The Gambia national currency, the Dalasi, continues to depreciate in value and it is not expected to stabilise soon and to start to appreciate, the International Monetary Fund (IMF) has warned on Monday.
The Fund stated that the continuous weakening of the Dalasi will continue to further accelerate inflationary pressure in the country leading to increase in prices of goods and services.
“The Gambian dalasi has continued to face depreciation pressures,” said Mr David Dunn, the IMF mission chief for The Gambia. The Dalasi continues to depreciate and loss value over the past year. Recently, in May 2013, it depreciated against the British Pound by 12.62 per cent, the US dollar by 11.87 per cent and the Euro by 12 per cent.
However, Mr Dunn said in late May 2013, the Central Bank of The Gambia (CBG) acted to tighten monetary policy in the country to guard against the depreciation of the Dalasi and to control inflation.
In May, the CBG has issued a directive raising the amount of money that commercial banks in the country have to hold as reserve – amount of cash that they should not loan out to customers.
The regulatory bank raised the reserve requirement of commercial banks by two percentage points to 12 per cent.
The rationale behind this impromptu decision is to withdraw excess Dalasi liquidity out of the economy and thus help preserve price stability.
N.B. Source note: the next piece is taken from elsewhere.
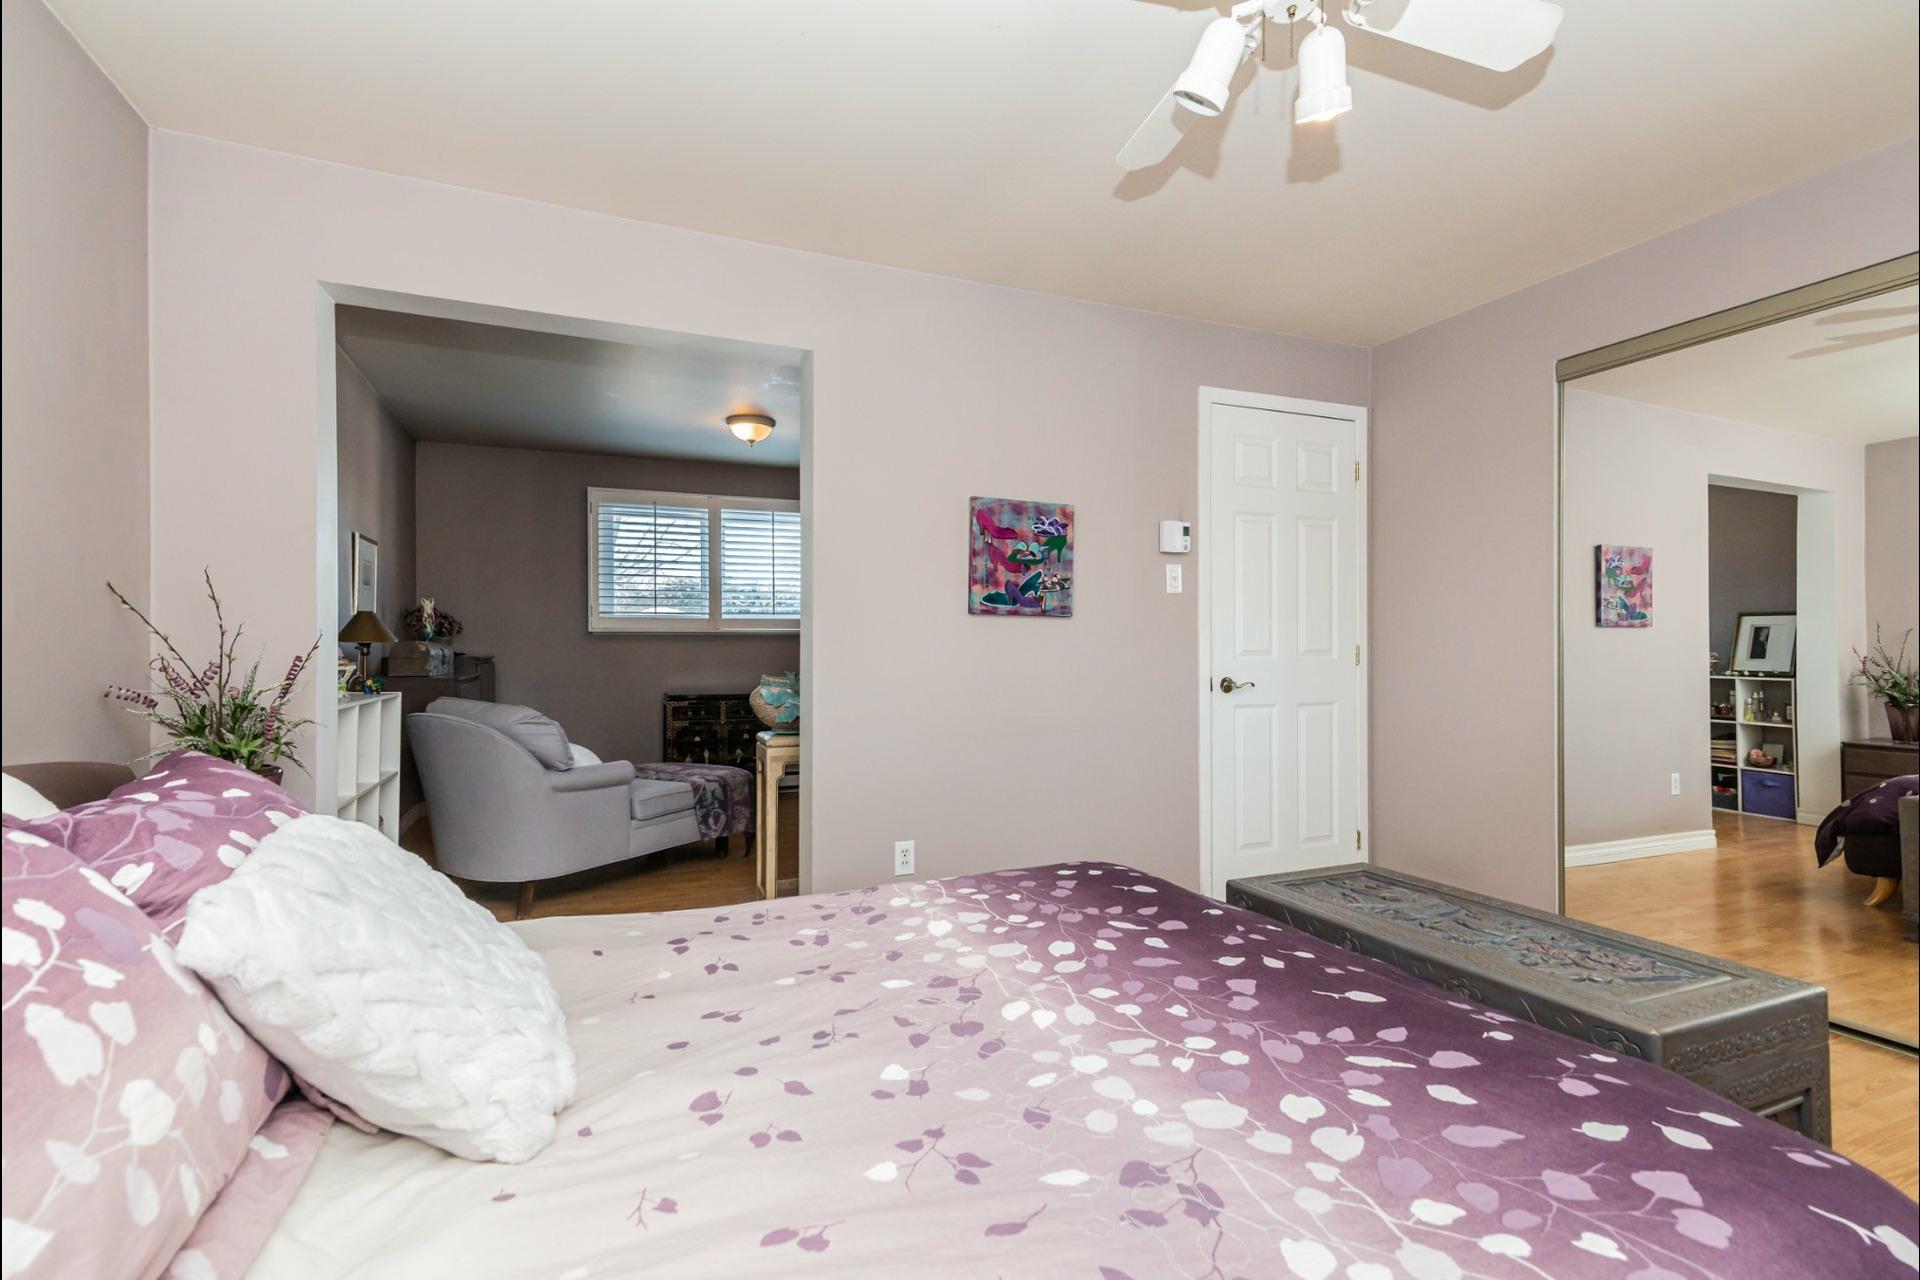 image 16 - House For sale L'Île-Bizard/Sainte-Geneviève Montréal  - 12 rooms

“This has helped to stem the rate of depreciation [of the Dalasi],” acknowledged Mr Dunn, who led the IMF mission that visited The Gambia from 4 to 17 June to conduct surveillance discussions for the 2013 Article IV consultations.
However, Mr Dunn told FPI that this is not enough to stabilise the depreciation of Dalasi for it to start to appreciate.
He pointed out that the government has to reduce its domestic borrowing so as reduce the pressure on the interest rate in the country.
This will reduce the interest rate in the country hence the money in circulation as a result inflation will start to decline and the rate of the Dalasi will be stabilised and it will then start to appreciate, he said.
Dunn also acknowledged that the government is reducing its domestic borrowing, but is it is not significant to reduce the interest rate and stabilise the Dalasi.
However, reducing Government’s domestic borrowing to 1½ percent of Gross Domestic product (GDP) in 2013—as previously planned—will be critical to eventually ease the current pressure on inflation and interest rates, and to stabilise the national currency.